Talking of which Ligeti’s ‘diabolical staircase’ was played with wondrous clarity trying to climb an impossible ladder only to fall back each time. Reaching as far as the keyboard would allow and even further had it been possible ( Victor Borge would have had a ball here ) I remember Shura Cherkassky coming to stay and bringing a crumpled copy from the BBC library and asking us to teach it to him . He chose it, I am sure for the title, as he did another year Copland’s ‘El Salon Mexico’ or Morton Gould’s ‘Boogie Woogie Etude’. An impish sense of humour that Alim still has to demonstrate on stage to complete his artistic personality .

Having said that of course the skittish jewel like perfection of his second encore of Scarlatti would have had even Cherkassky dancing with glee .

It was wonderful to see Ellie Alberga on the programme. We were all students at the Royal Academy together and living in West London . Ellie ,as thin as a rake with long spindly fingers, so talented but like her Jamaican friend David Johns, oh so lazy!

Ellie has become a renowned composer and put on some weight in both senses too! What a revelation her piece is with a ‘tour de force’ of dynamic rhythmic drive with hard driven sounds of chameleonic changes of character. A gently contrasted quasi chorale with ethereal unworldly sounds reverberating with an inner intensity. A performance of searing commitment and remarkable technical mastery .

Alim chose Chopin’s ’24 Preludes’ to end this very special occasion . I have heard him play them many times and I even tipped off the Frankls about his extraordinarily masterly BBC Wigmore performance of these 24 problems ( to quote Fou Ts’ong). Peter was extremely impressed and I just wish he could have heard tonight’s miraculous performance that has matured as only pure vintage can .

A standing ovation and three encores for a young man who has come of age and can join the ranks of one of the finest interpreters of our day .

The encores were Rachmaninov’s wondrous G minor Prelude; one of Scalatti’s 550 sonatas and Liszt’s F minor transcendental study n 10 played with refined breathtaking virtuosity and passionate abandon.
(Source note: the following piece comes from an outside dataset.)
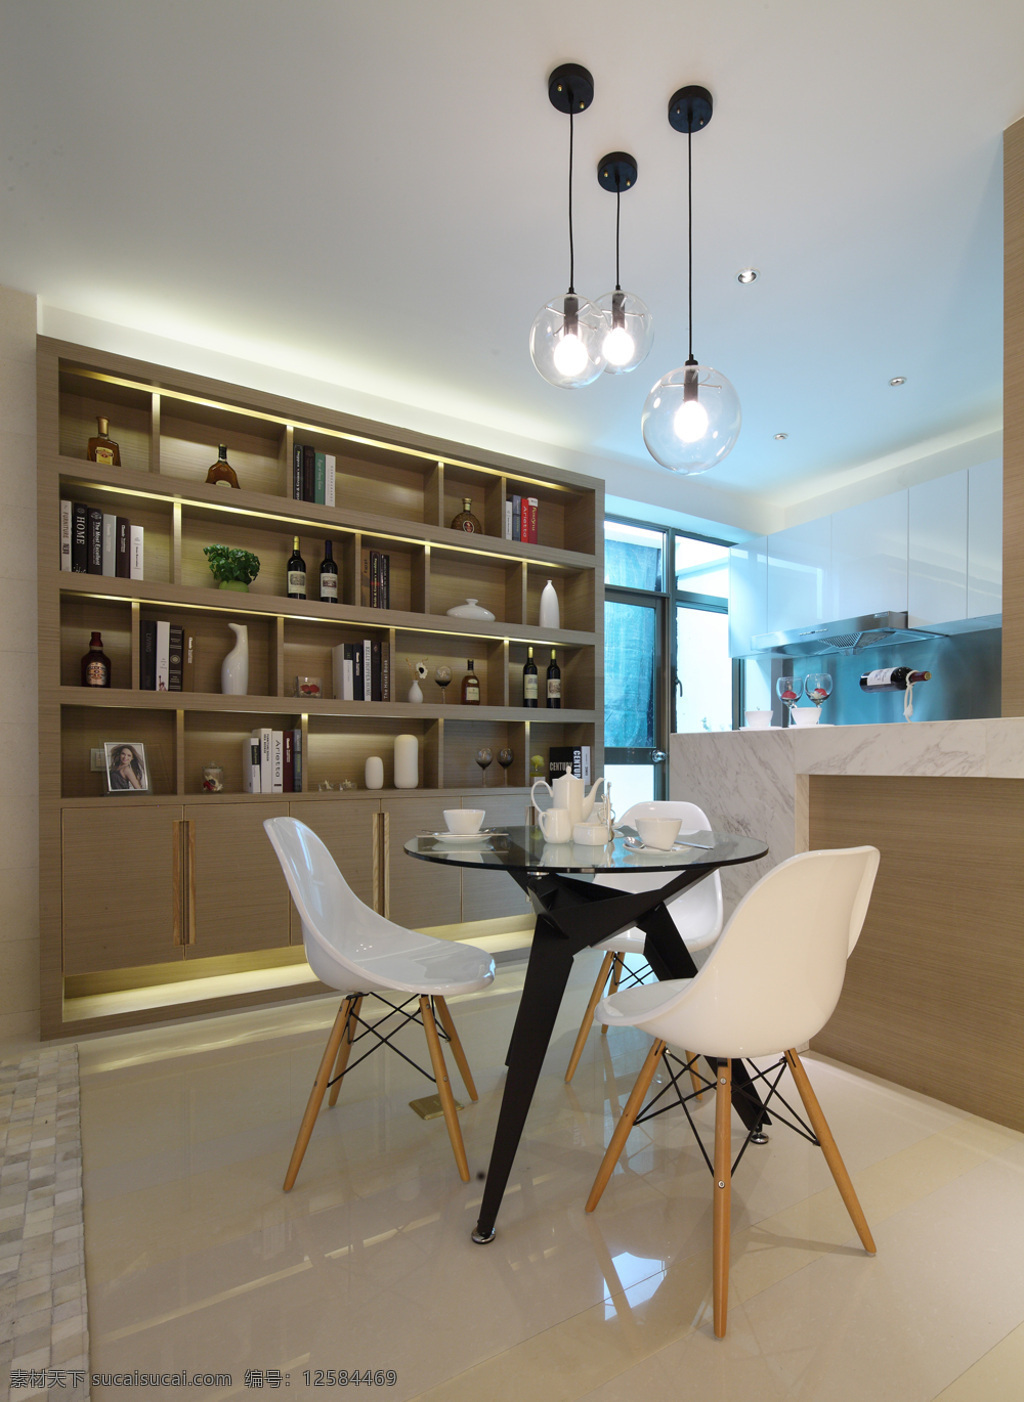 现代 简约 客厅 开放式 厨房 书架 室内装修 效果图 长吊灯 展示架 圆桌 白色座椅 客厅装修

The 27-year-old pianist Alim Beisembayev has planned a magnificent array of music for his recital. Beginning with an energetic sonata by Scarlatti and Ravel’s hypnotically beautiful Valses Nobles et sentimentales, he moves on to Liszt’s powerful evocations of hell and redemption in the fantastical sonata Après une lecture du Dante, plus Ligeti’s most celebrated Etude, ‘The Devil’s Staircase’.The second half begins with Cwicseolfor(Quicksilver), a new work by the Jamaican-British composer Eleanor Alberga, written for Isata Kanneh-Mason and premiered in Budapest as part of a European concert hall tour in 2021. Now, at last, it gets its Southbank Centre premiere under the fingers of Beisembayev, who has become a significant advocate of Alberga’s music. Last year, Beisembayev gave the world premiere of Alberga’s Piano Concerto, which was commissioned for him as part of his prizes at the 2021 Leeds International Piano Competition.The concert sweeps to a close with Chopin’s 24 Preludes, each one a poetic miniature full of visionary imagination.